Entries taken from a collection

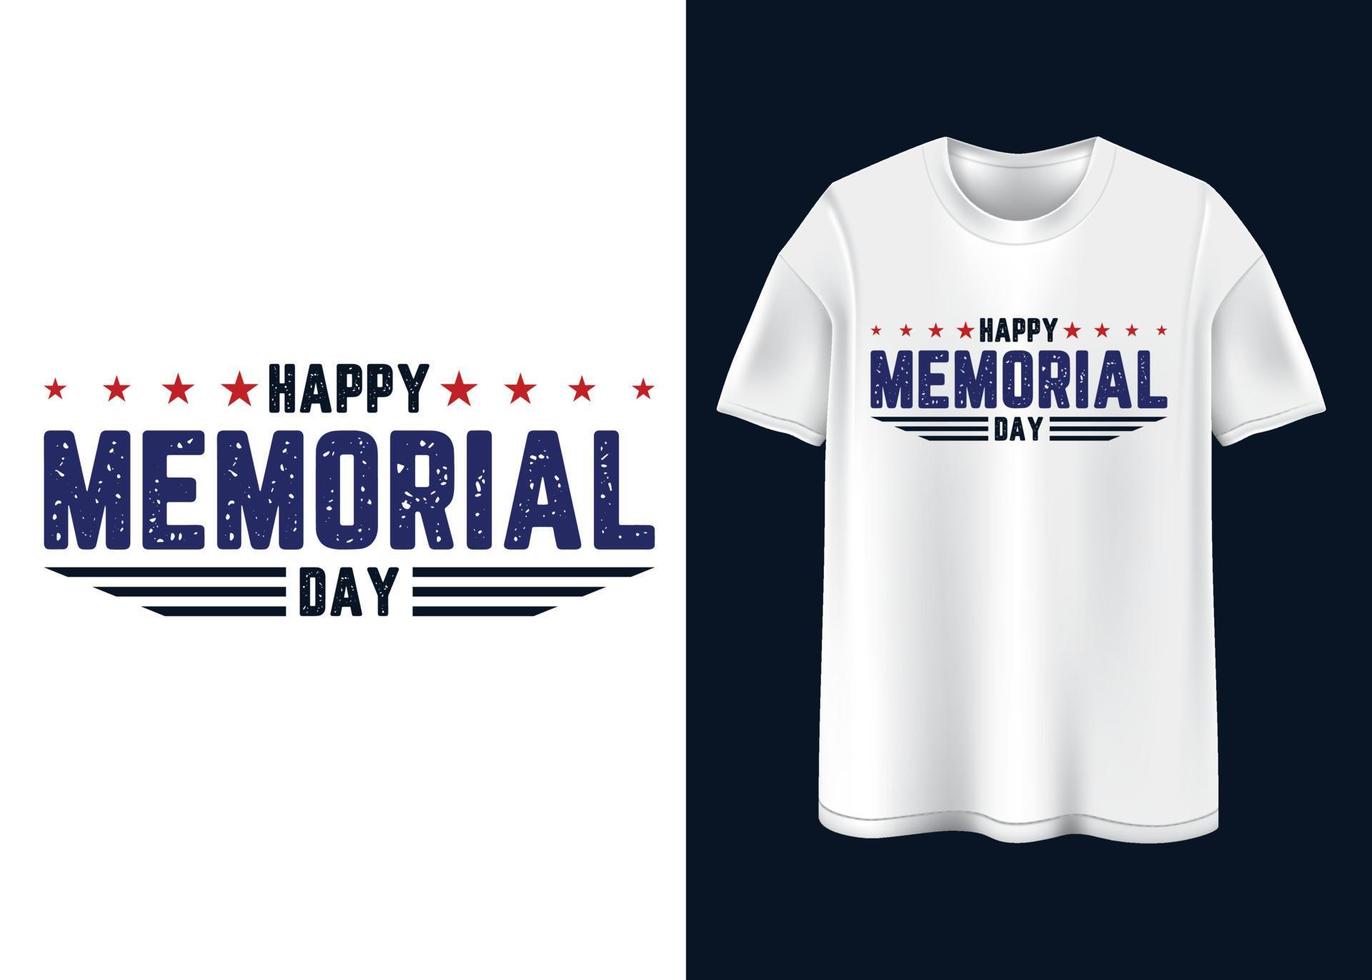 Happy Memorial day Typography T-shirt design vector
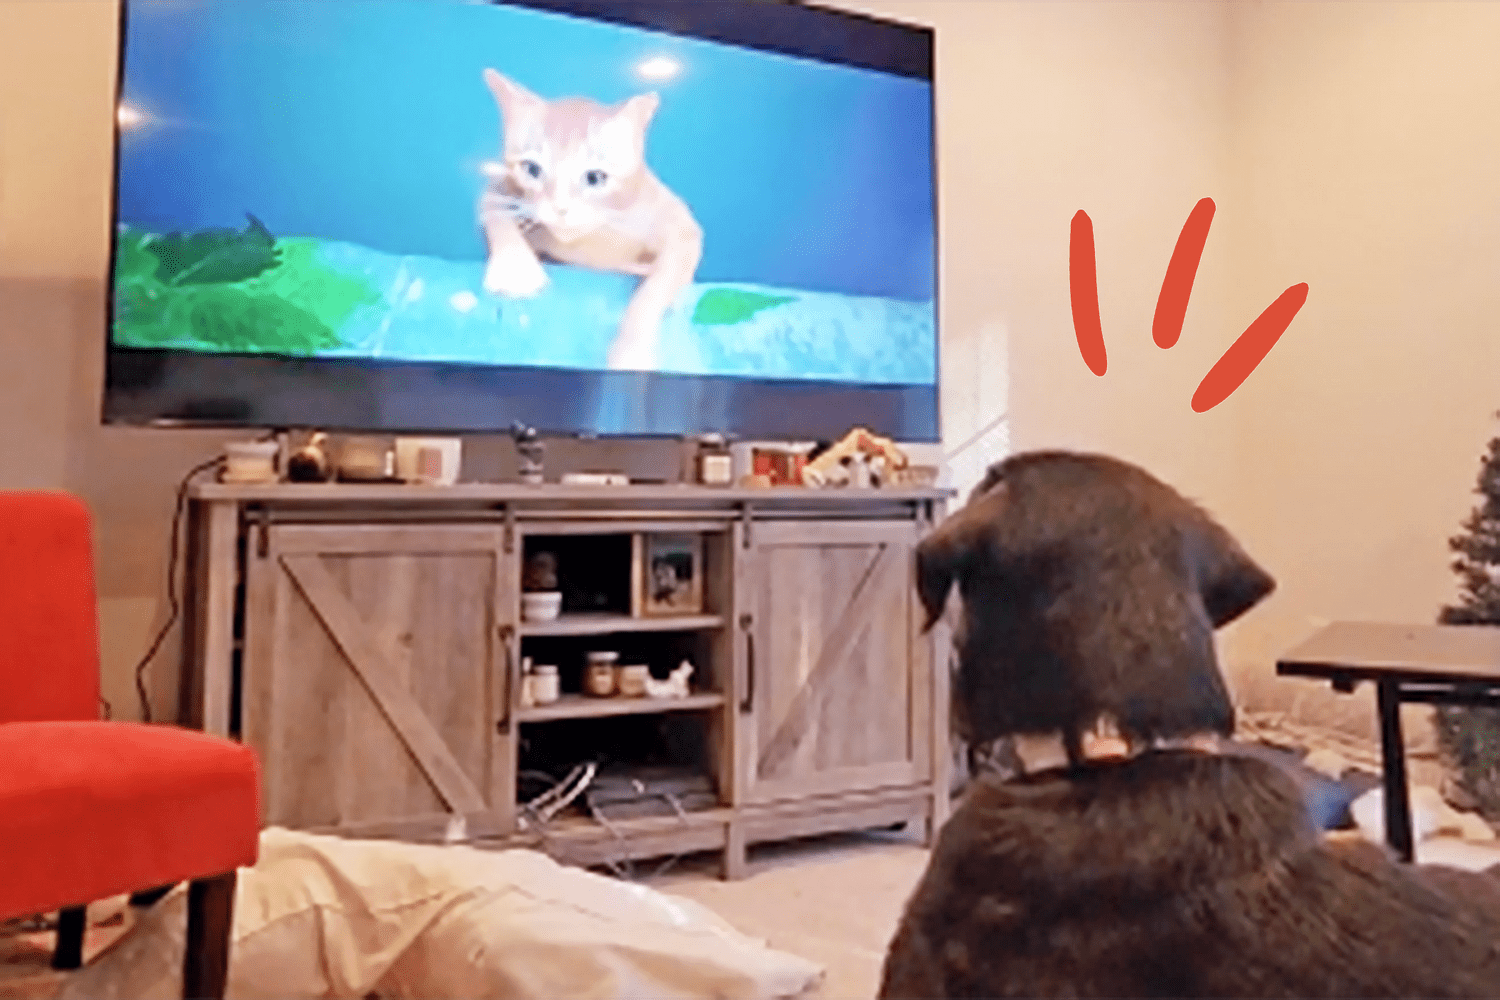 dog watching cartoon of falling cat he wants to rescue
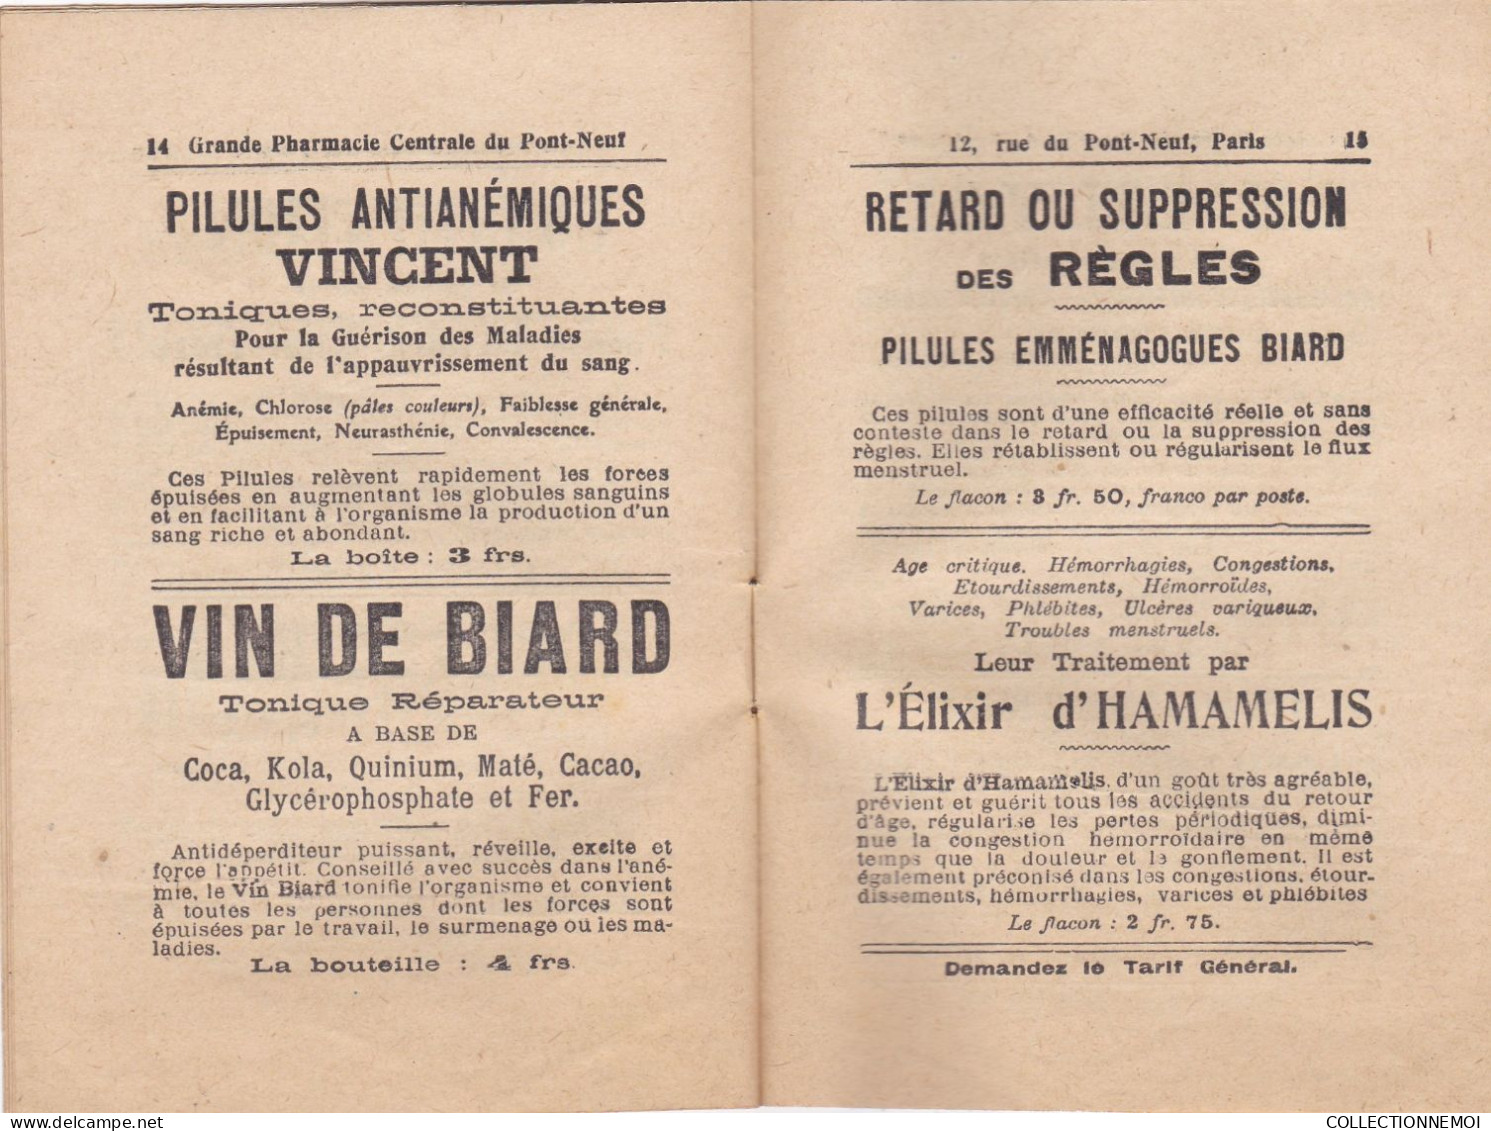 SUPERBE ,,,,,,,,,,,catalogue de la PHARMACIE  " grande pharmacie centrale du pont neuf " PARIS ,,18 pages avec pub
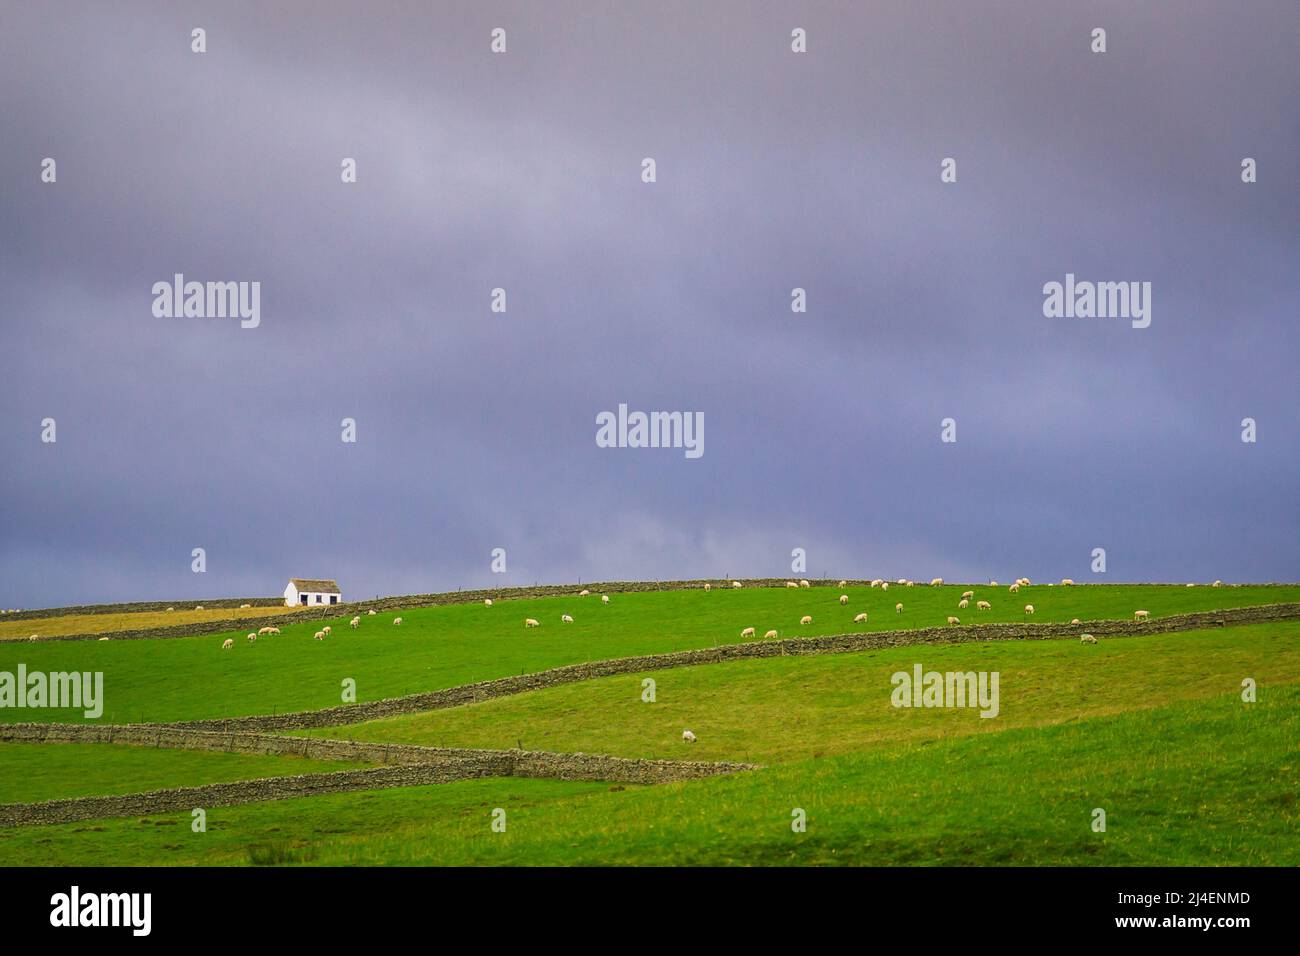 Die Landschaft der Northern Pennines in Upper Teesdale. Steinmauern, Schafe und Scheunen sind in der Landschaft zu sehen. Stockfoto
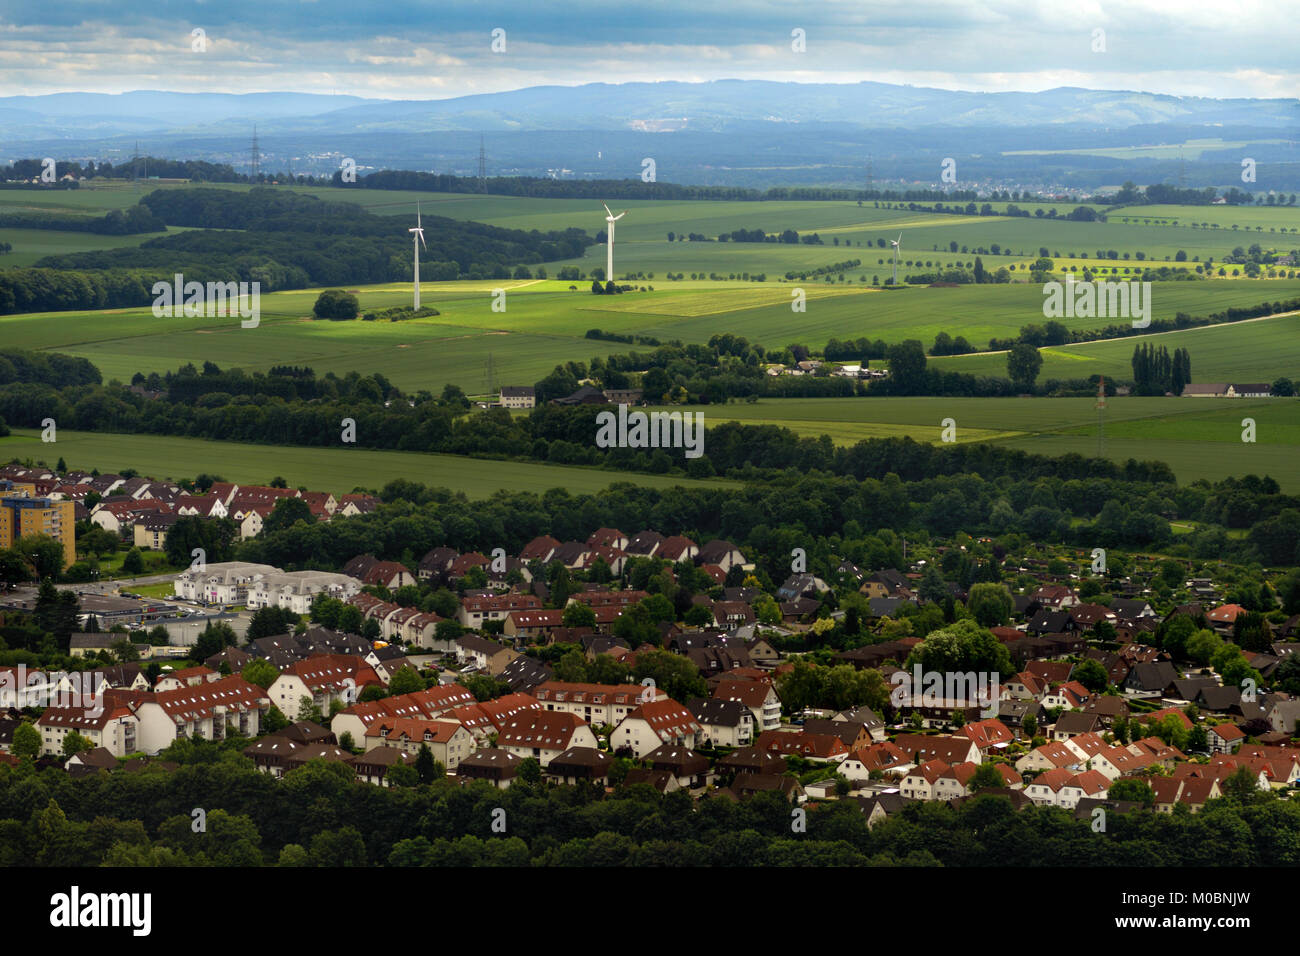 In der Nähe von Dortmund, Deutschland - Juni 22, 2013: Luftaufnahme der ländlichen Landschaft Nordrhein-Westfalens. Es ist das bevölkerungsreichste Bundesland der Bundesrepublik Deutschland und der f Stockfoto

(ASSIGNMENT)
Retype each record exactly as it appears above and drop the images.

(RESPONSE FOR THIS EXERCISE)
 Happy Memorial day Typography T-shirt design vector
 dog watching cartoon of falling cat he wants to rescue
 SUPERBE ,,,,,,,,,,,catalogue de la PHARMACIE  " grande pharmacie centrale du pont neuf " PARIS ,,18 pages avec pub
 Die Landschaft der Northern Pennines in Upper Teesdale. Steinmauern, Schafe und Scheunen sind in der Landschaft zu sehen. Stockfoto
 In der Nähe von Dortmund, Deutschland - Juni 22, 2013: Luftaufnahme der ländlichen Landschaft Nordrhein-Westfalens. Es ist das bevölkerungsreichste Bundesland der Bundesrepublik Deutschland und der f Stockfoto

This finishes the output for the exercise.